The control-plane surface is request/response — there is no socket of call
events. To track a call's lifecycle, re-fetch with `calls.get({ sid })`. The
**data plane** is event-driven: the `onUplink` / `onDownlink` callbacks fire per
audio frame, and the underlying MoQT session auto-reconnects and replays the
publish/subscribe on link loss.

> **WARNING:**
> Hold the `AudioBridge` handle (and, in Python, any subscription it owns) for the
> whole call.

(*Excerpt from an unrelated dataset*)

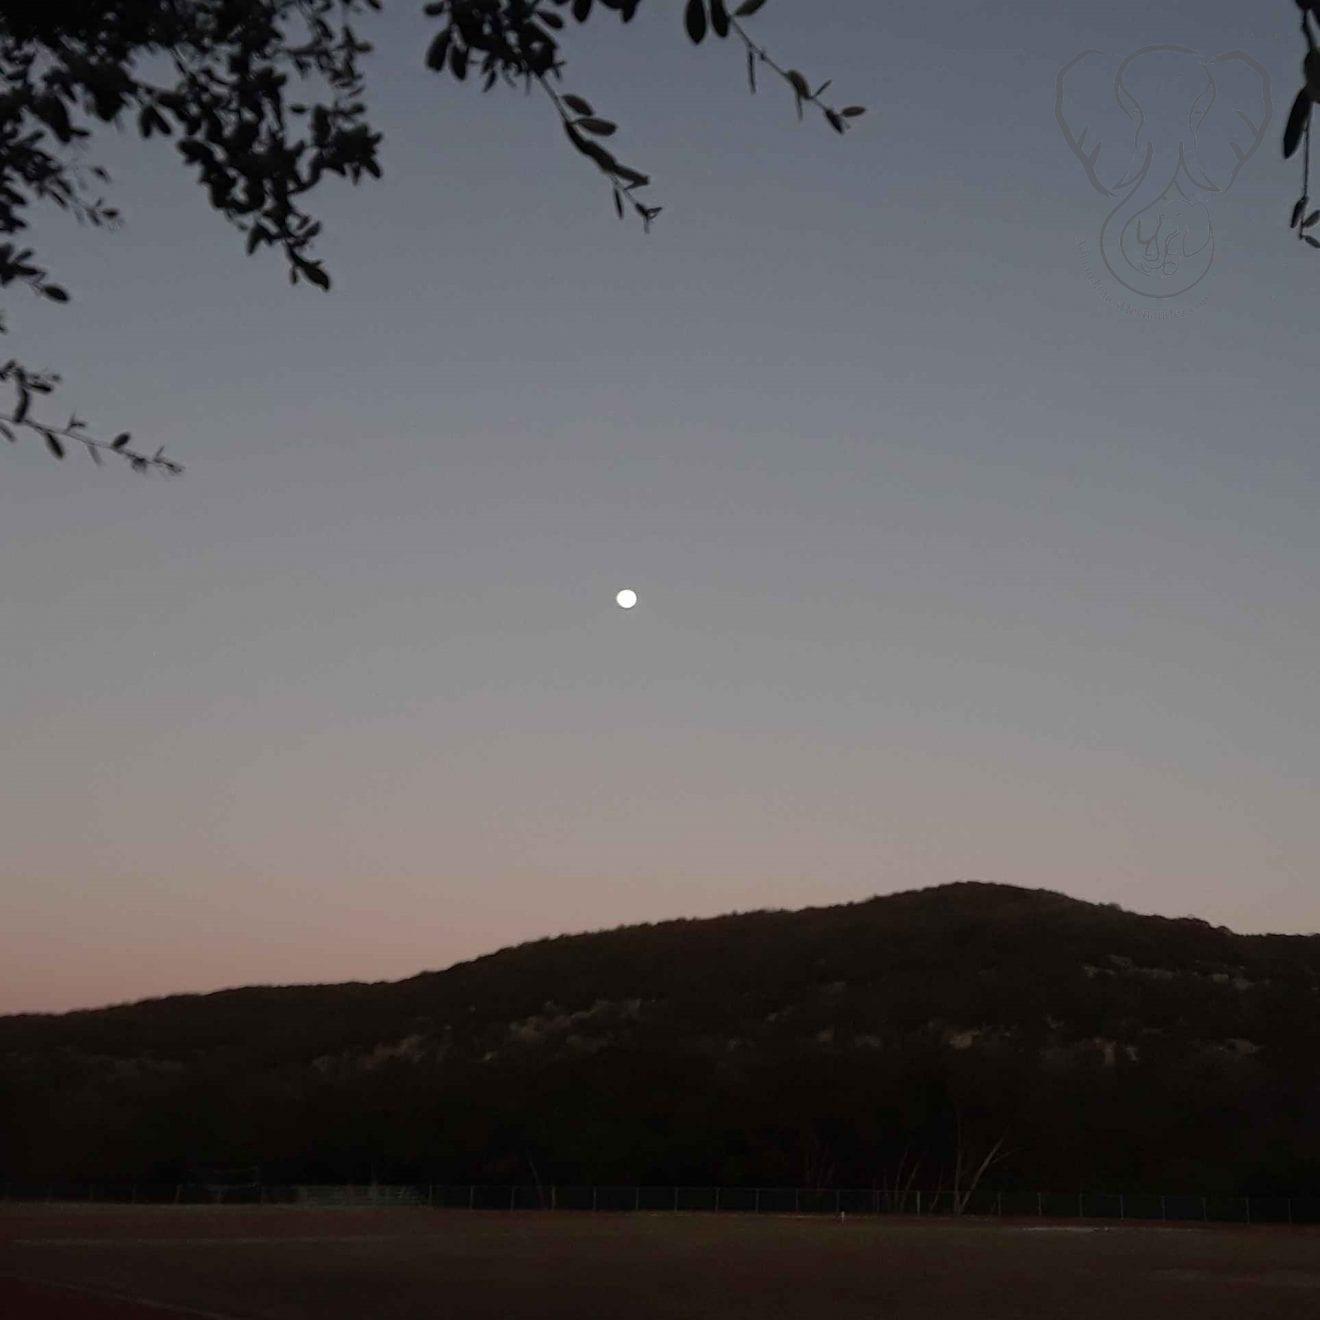 Full moon in Texas (Miranda Hernandez)
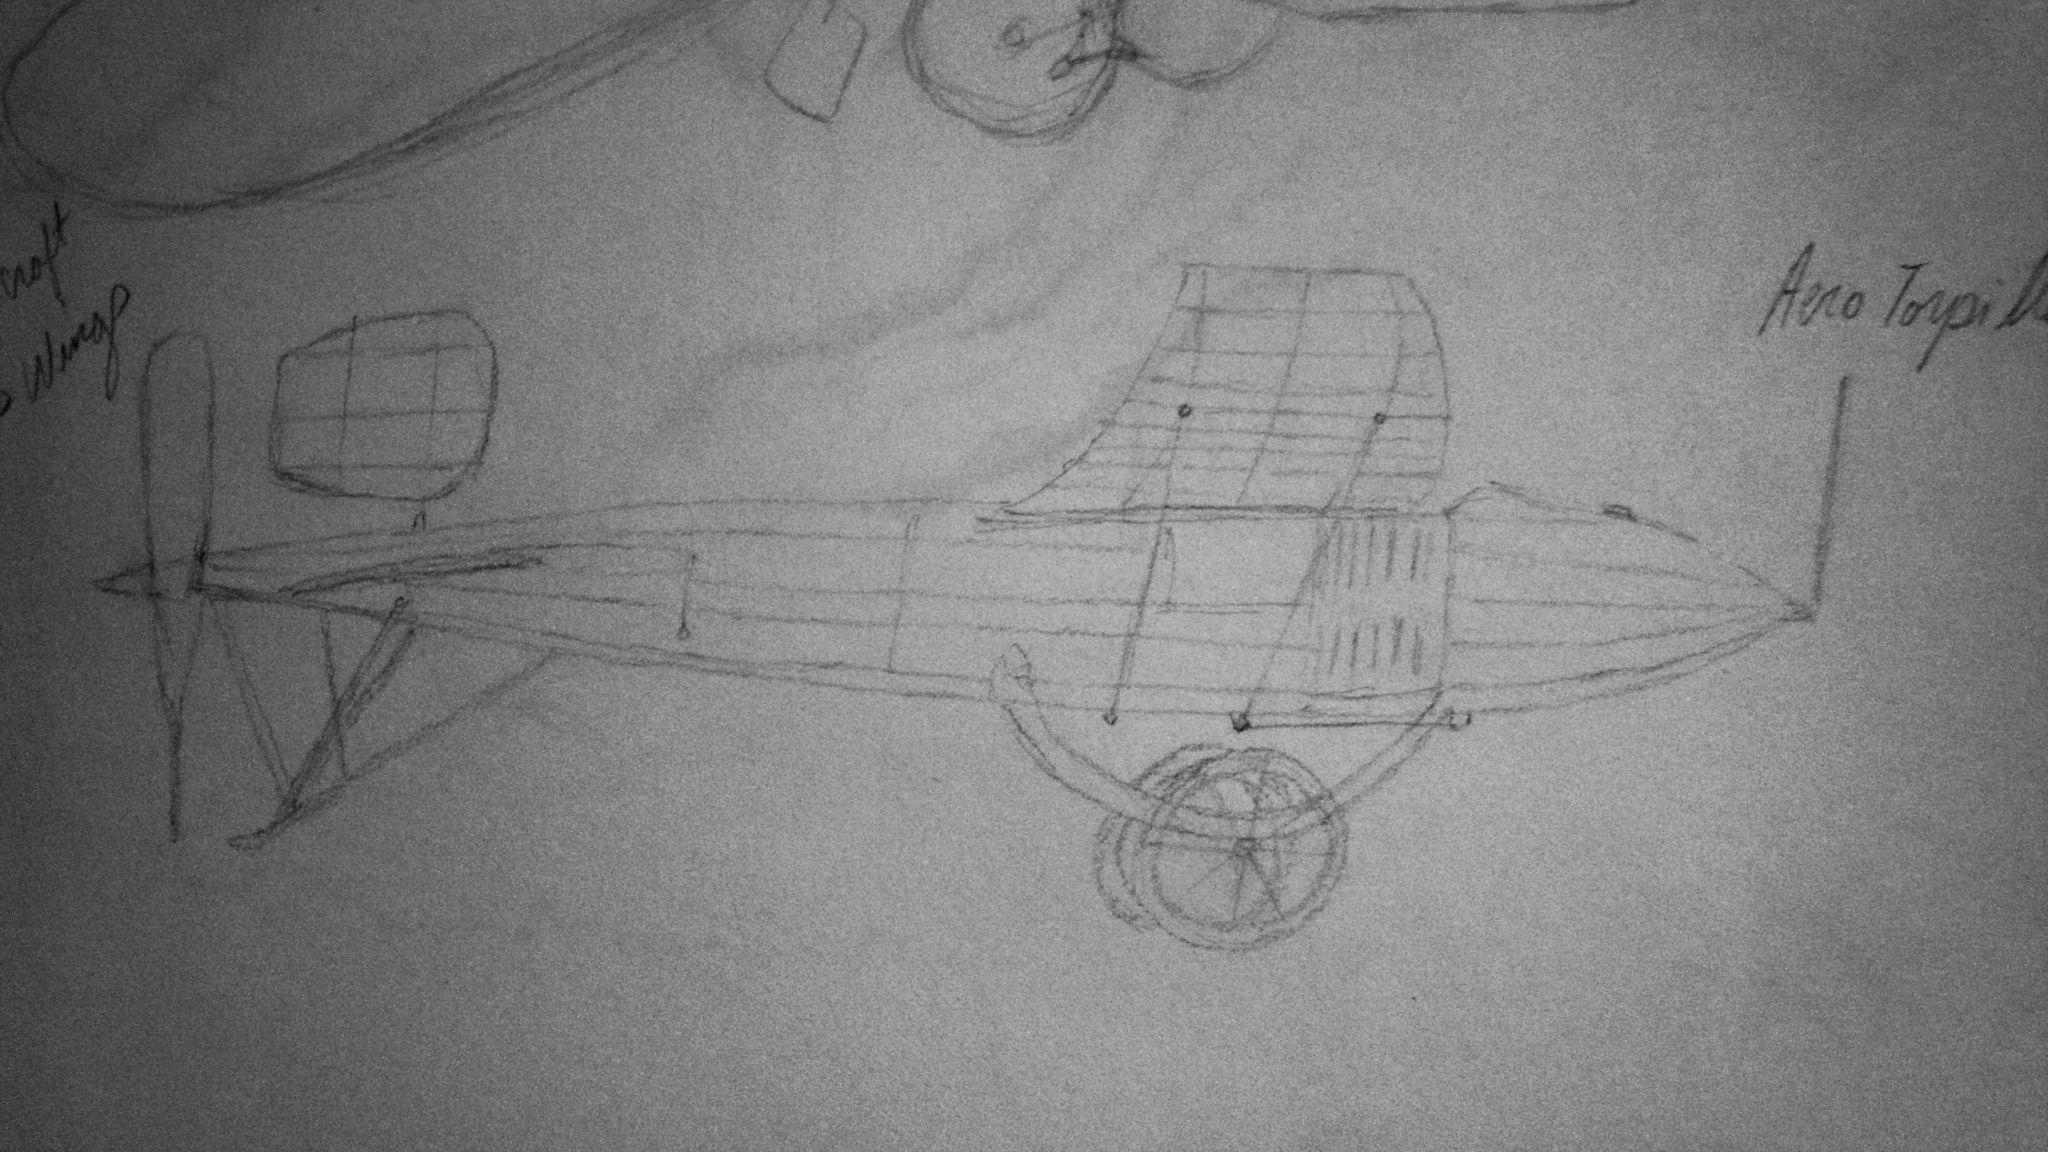 air_plane_concept_art_victor_tatin_ani__tetisheri_2

If it is garbage-collected, the engine calls into freed memory and
> both tracks go silent. Call `close()` explicitly when the call ends.

## Other languages

The Go, Rust, Java, and C# SDKs expose the same publish/subscribe primitives via
`MoqtClient` on the `voice/<sid>/{uplink,downlink}` tracks; the typed
`Calls`/`AudioBridge`/`Agents` convenience wrappers are TypeScript-first with
Python parity. See [Realtime Tracks](/concepts/realtime-tracks) for the raw
`publishAudio` / `subscribeAudio` surface in every language.